Your bid has been approved!!! Yay. We did adjust it a little though. It is now YOUR bid minus 66%, that's the approval. And do not forget we take 25% off the top of that. What? You will not do it for that price? Well you have to. No I dont. Um OK, ok, we'll see. (Mass email) Calling all contractors, we have a need in this specific area. What a joke. 1000's of work orders completed and if you do not do one that you are going to lose your @ss on you get screwed big time. Does the BS ever end?


----------



## bigdaddy (Mar 3, 2013)

Yes, it ends. When you quit working for middlemen.


----------



## Gypsos (Apr 30, 2012)

Same issue here. I asked if they were getting work and was told by coordinator she was getting lots of it but was not going to send me any because I would not negotiate with her. 

Her negotiations consist of, "Here is the price, take it or leave it." If you leave it one time she never calls you back. 

It is okay brokers are now coming out of the woodwork to hire me direct. 

They are tired of the crap too.


----------



## Craigslist Hack (Jun 14, 2012)

Gypsos said:


> Same issue here. I asked if they were getting work and was told by coordinator she was getting lots of it but was not going to send me any because I would not negotiate with her.
> 
> Her negotiations consist of, "Here is the price, take it or leave it." If you leave it one time she never calls you back.
> 
> ...


That's awesome man good for you!


----------



## TungstenRebel (Nov 17, 2013)

bigdaddy said:


> Yes, it ends. When you quit working for middlemen.

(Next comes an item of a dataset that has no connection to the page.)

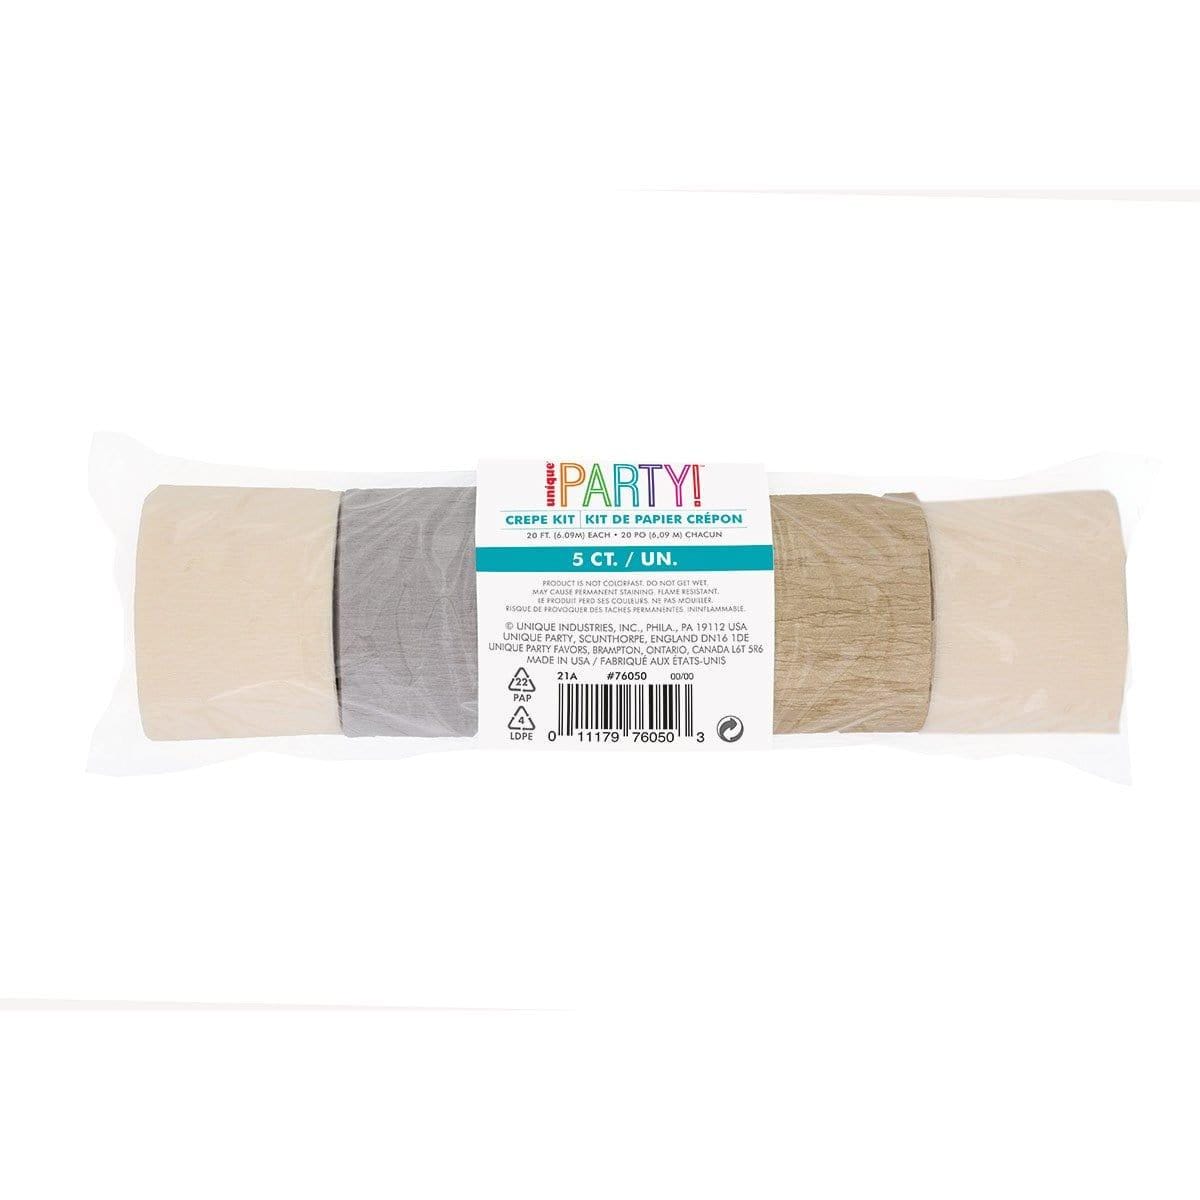 Buy General Birthday Gold Confetti Birthday Crepe Streamer Kit, 5 Count sold at Party Expert

How are these middlemen avoided?


----------



## GTX63 (Apr 12, 2012)

Many times after an order is completed, you are required to notify the listing agent. They in turn are supposed to sign off that the work/property is acceptable. Even if it isn't required, their names should still be on the order somewhere or their sign in the yard. Contact them.


----------



## Gypsos (Apr 30, 2012)

GTX63 said:


> Many times after an order is completed, you are required to notify the listing agent. They in turn are supposed to sign off that the work/property is acceptable. Even if it isn't required, their names should still be on the order somewhere or their sign in the yard. Contact them.

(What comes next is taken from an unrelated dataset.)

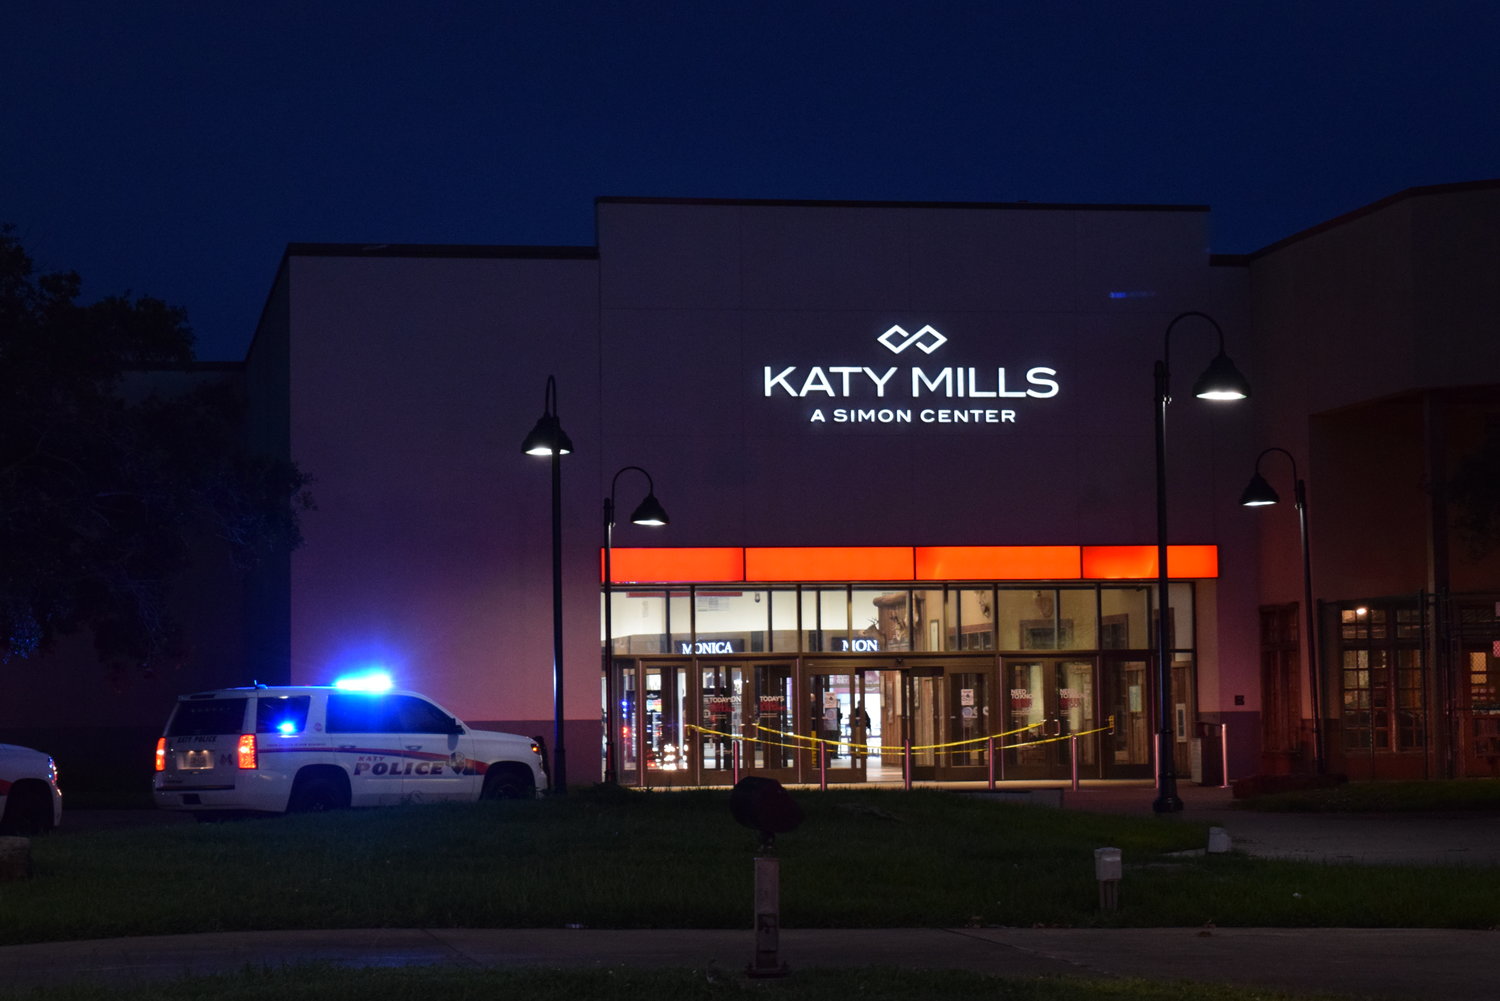 Authorities are searching for two men after they attempted a smash-and-grab robbery at a jewelry store just inside this entrance to Katy Mills Friday evening.

Persistence will be required here. Do not annoy them, but make sure they know you exist. Unless it is something very simple I will contact the broker and let them know I am assigned the job and ask if there is anything they want me to pay special attention to. After the job is done give them a call and tell them it is done and let them know that if they have any questions or concerns they can contact you direct to address them. 

Do small favors if they ask and it is not going to be a big inconvenience. For example one of my brokers sold a property that had a couple of abandoned lock boxes on it that no one knew the codes to. She asked me how much to cut them off for her. It turned out I was just down the street so I stopped by and cut them off for free. 

It is these types of things they remember when they need to call on someone. I took me a couple of years of doing this type of stuff to really get noticed. But now I am doing evictions, lock changes, and repairs directly for them.

The pay may be slower from brokers too. But it is worth it when you get $150 for a lock change you are used to getting $40 for, $475 for the repair you are used to getting $200 for or $800 for the eviction that you would get $300 from the nationals to do.


----------



## thanohano44 (Aug 5, 2012)

TungstenRebel said:


> How are these middlemen avoided?


Use the search feature in this forum. Each state and area in each state may vary in how you avoid them.


----------